▸ Task objective
Keep the pictures out. Copy every line of the listing exactly.

▸ Provided material
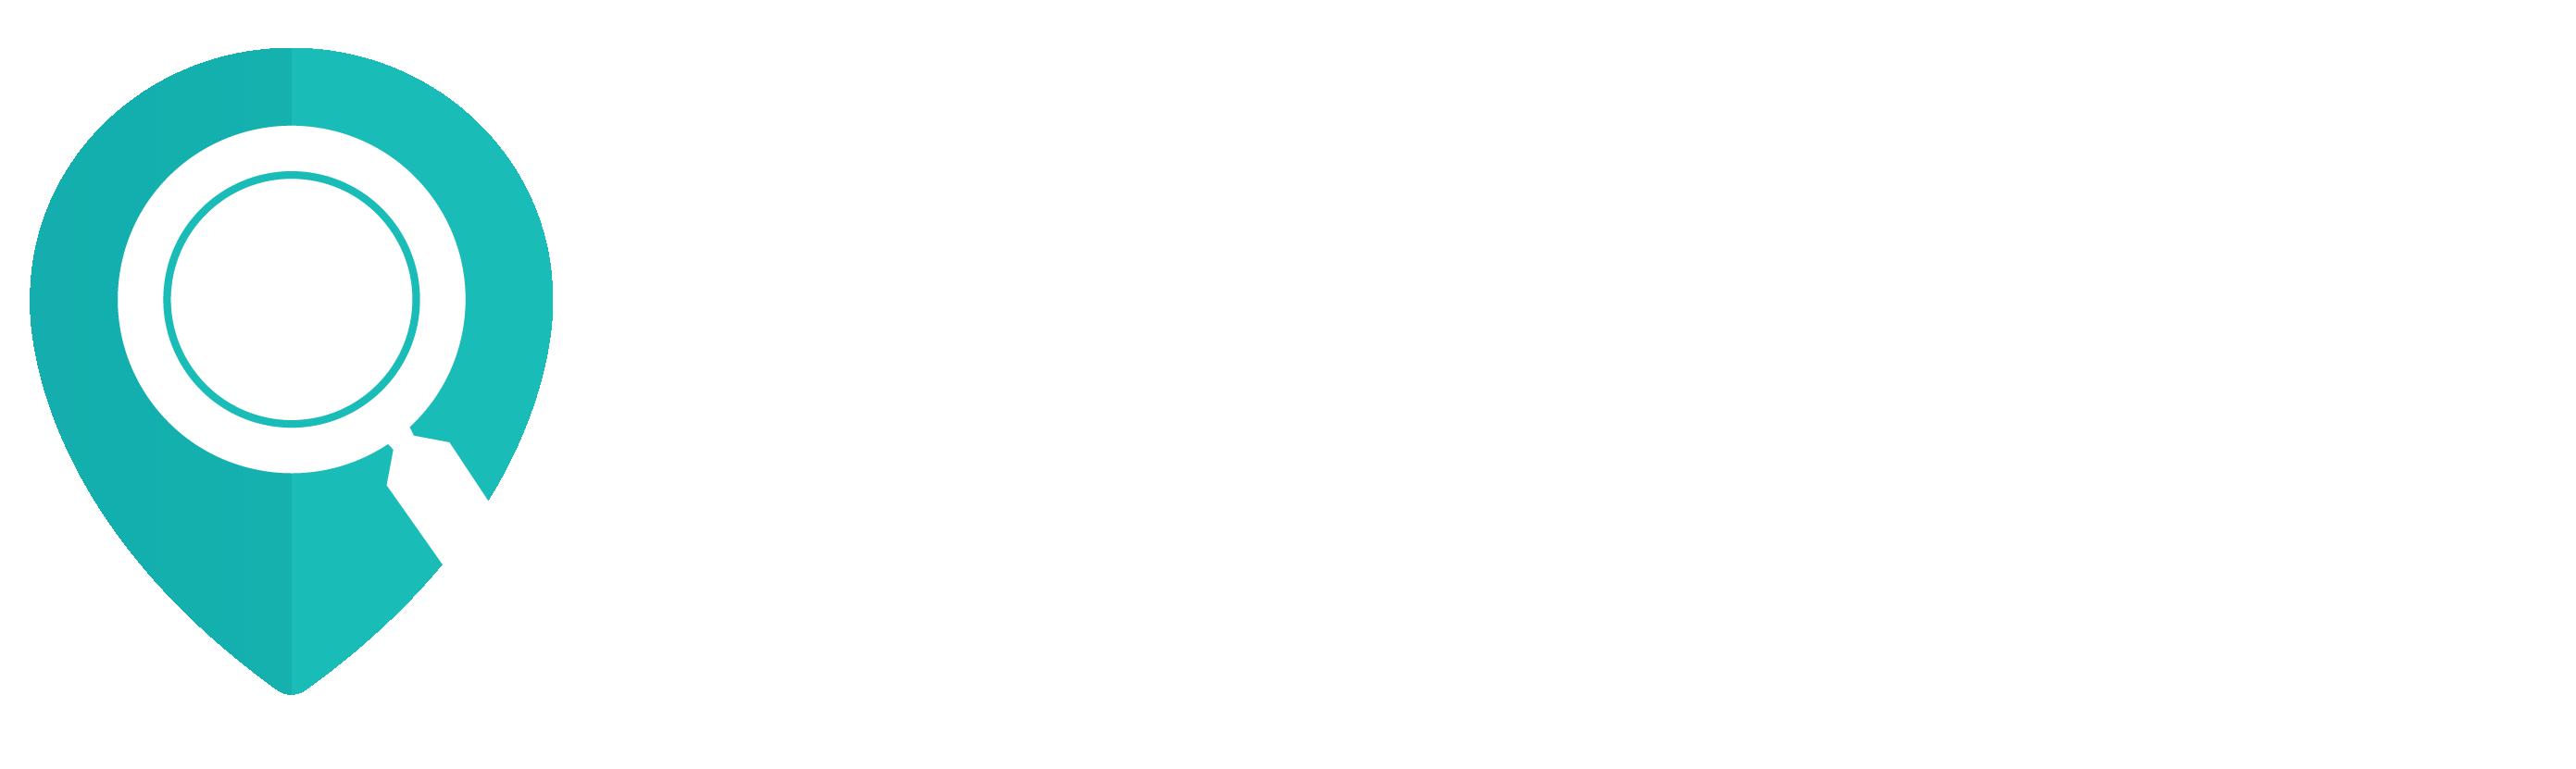 Anwaltfinden Logo - retina-weiss
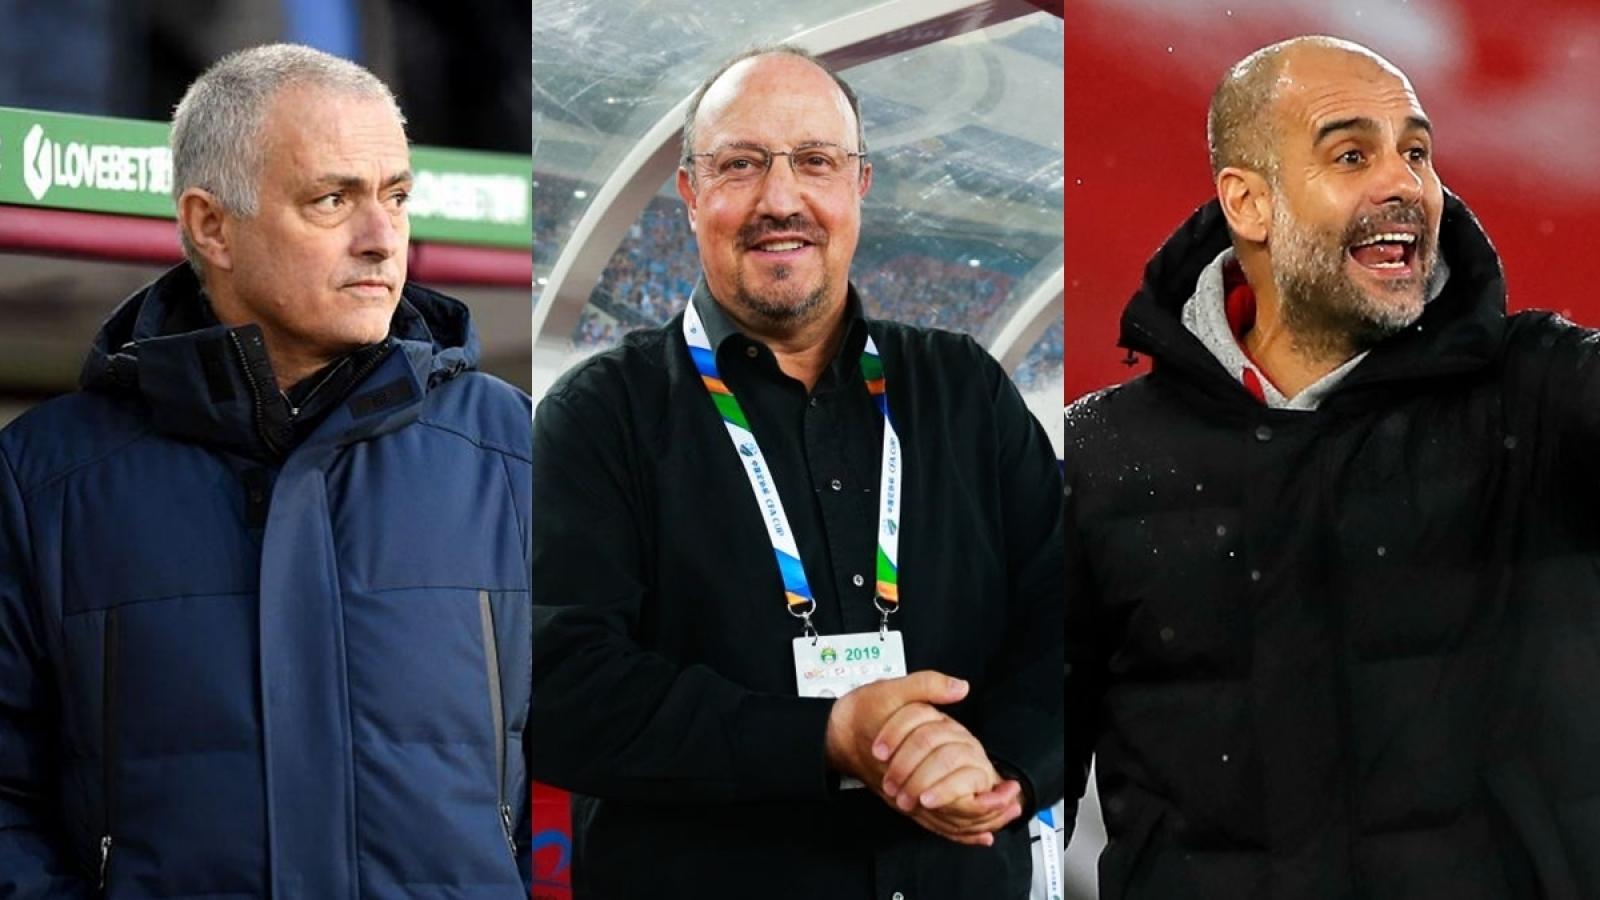 Top 10 HLV hưởng lương cao nhất thế giới: Mourinho kém xa Simeone
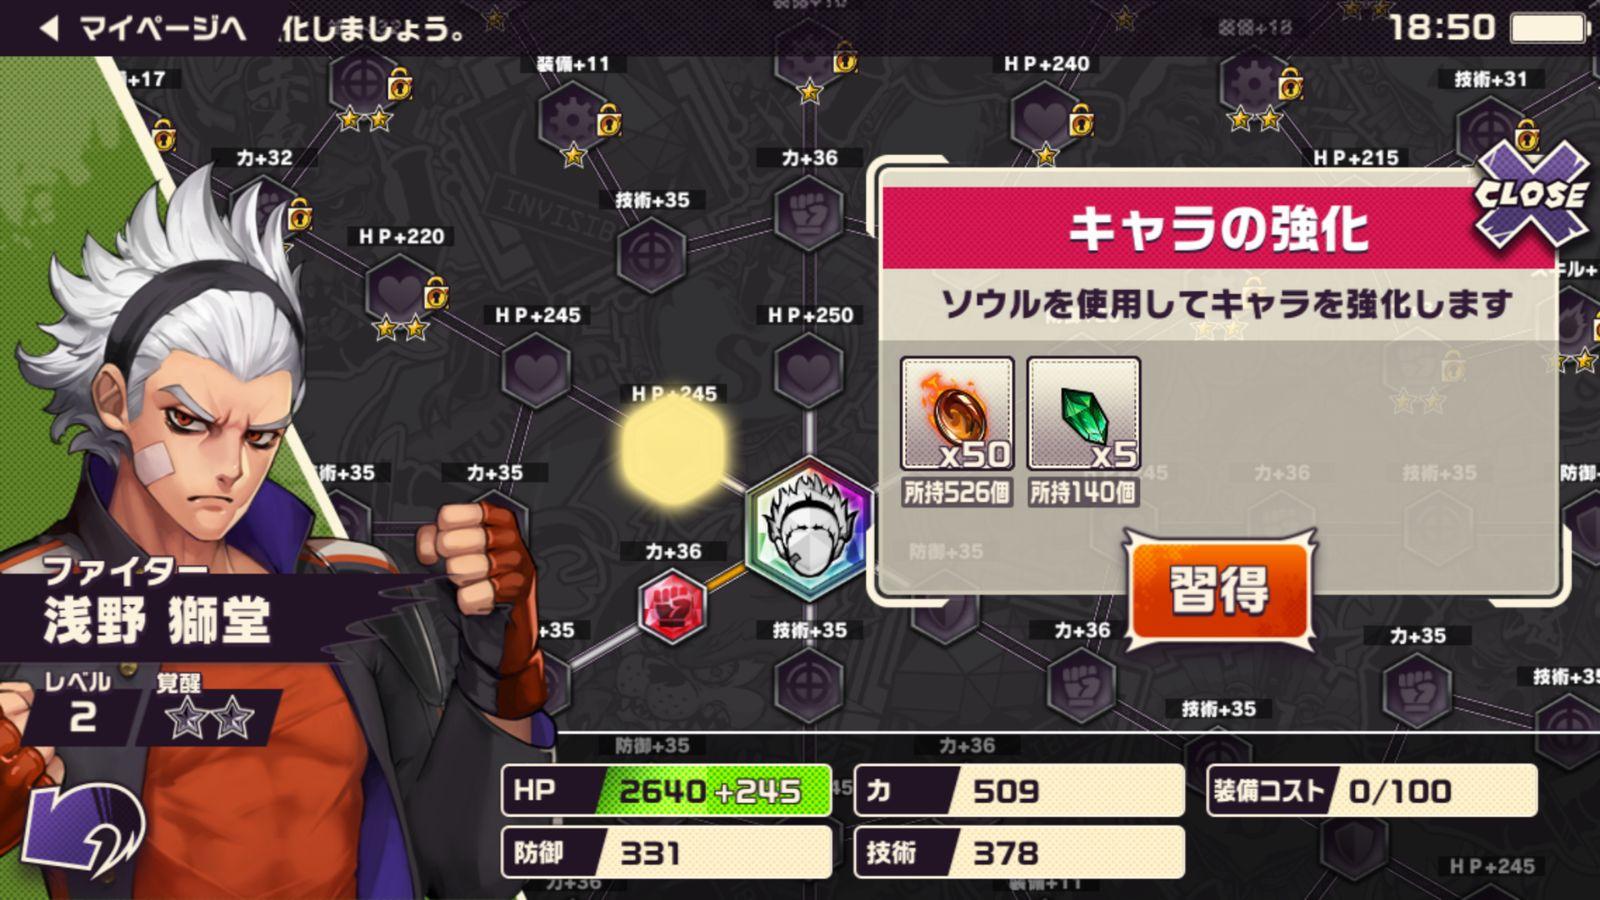 東京プリズン【攻略】: 味方との連携で強敵撃破!バトルのコツ 応用編

▸ Result for this task
 Anwaltfinden Logo - retina-weiss
 Top 10 HLV hưởng lương cao nhất thế giới: Mourinho kém xa Simeone
 東京プリズン【攻略】: 味方との連携で強敵撃破!バトルのコツ 応用編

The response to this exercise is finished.